■ **SOURCE MATERIAL**
# # # # #

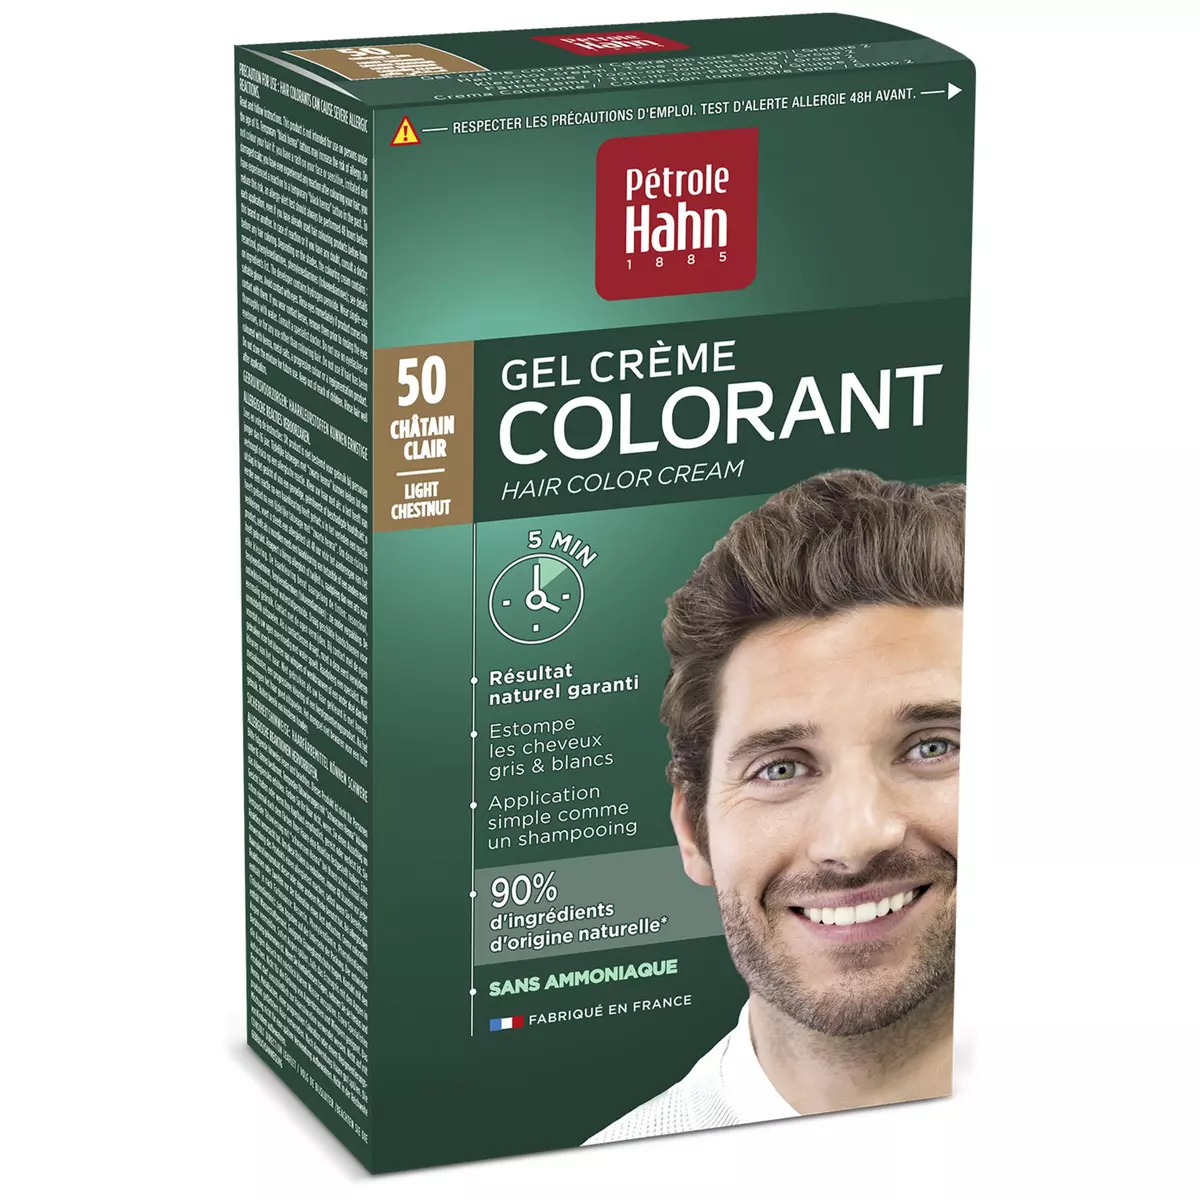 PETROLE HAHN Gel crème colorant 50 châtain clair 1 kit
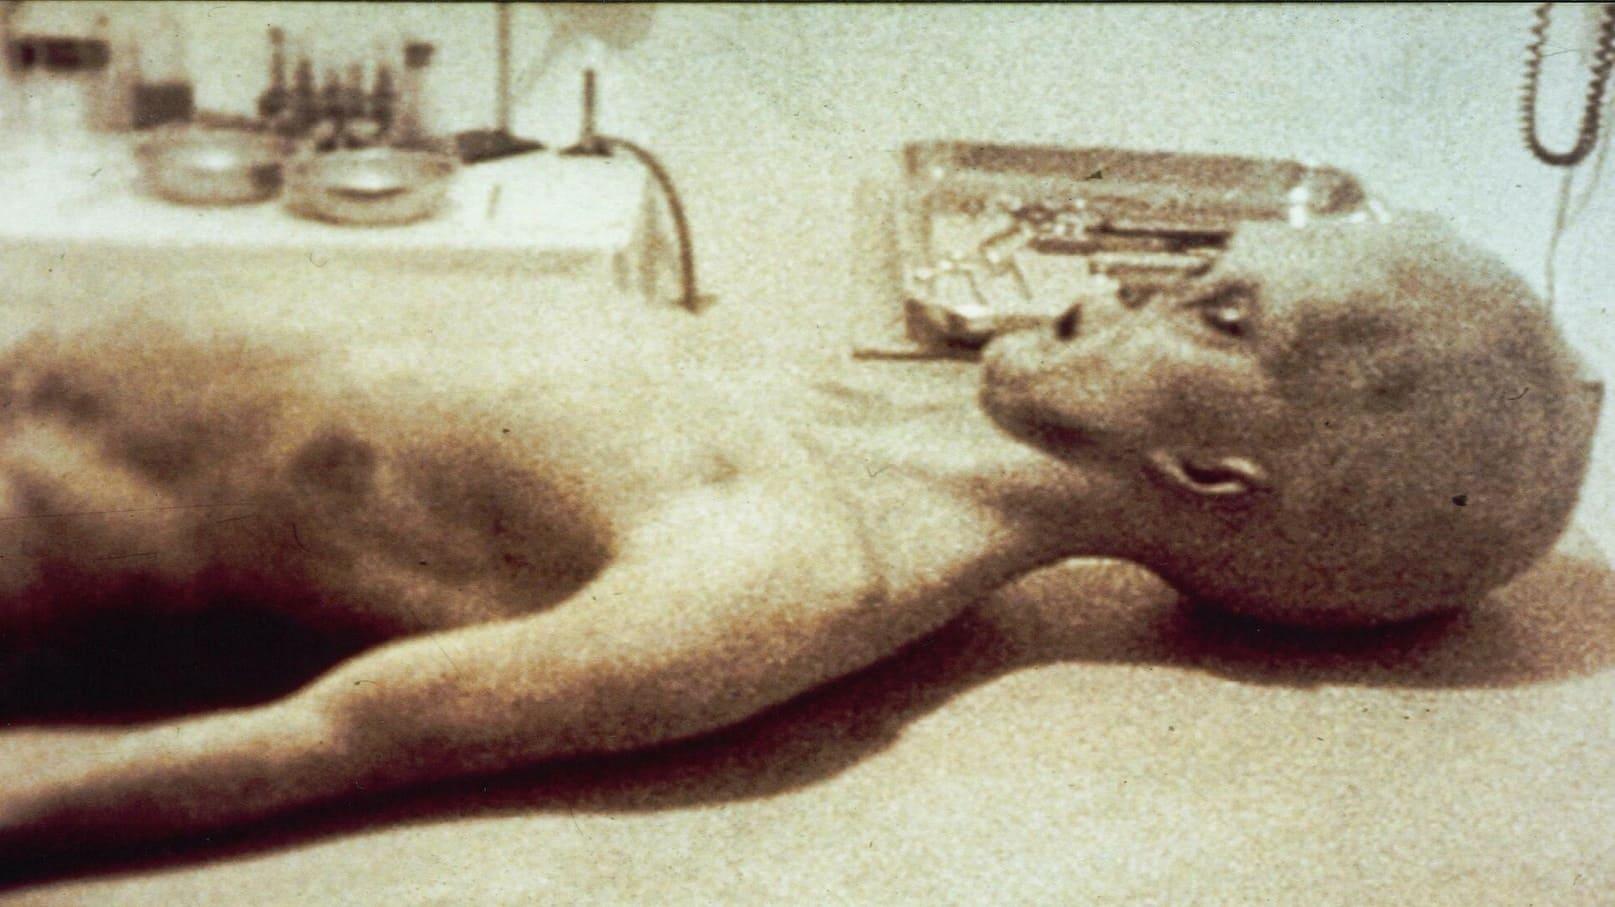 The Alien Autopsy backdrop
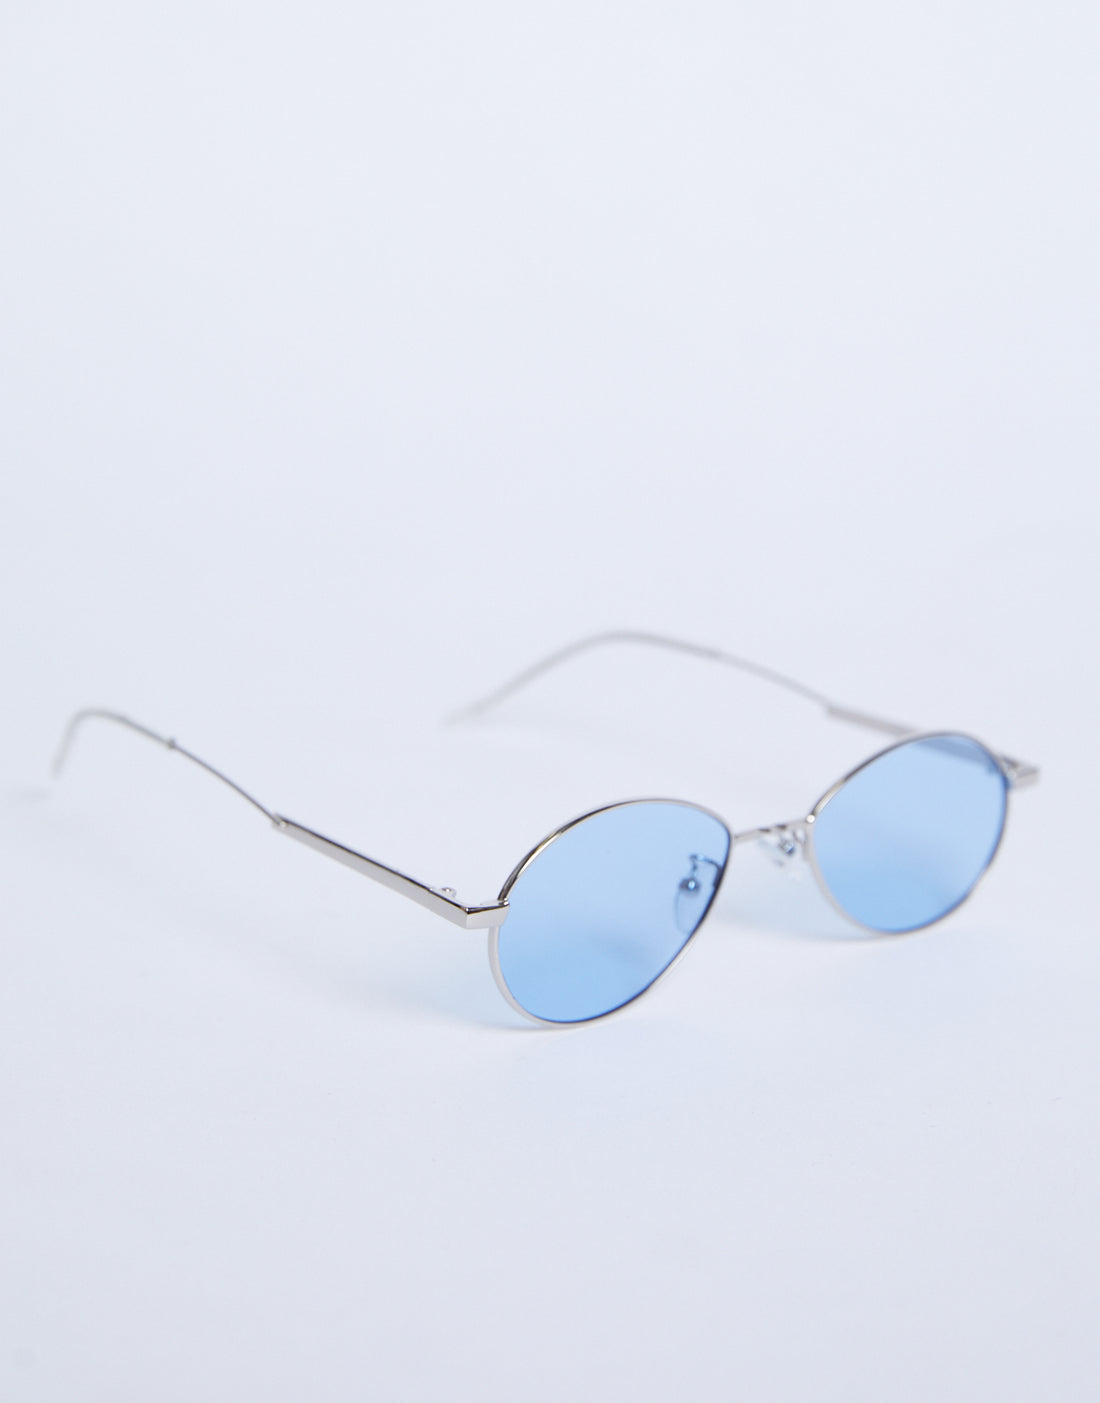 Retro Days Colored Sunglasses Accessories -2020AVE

# # # # #

■ **YOUR INSTRUCTIONS**
Transcribe only the lines between the line containing "The Alien Autopsy backdrop" and the final line of the listing, inclusive, exactly as they appear; no pictures are to be included.

■ **RESPONSE**
 The Alien Autopsy backdrop
 Retro Days Colored Sunglasses Accessories -2020AVE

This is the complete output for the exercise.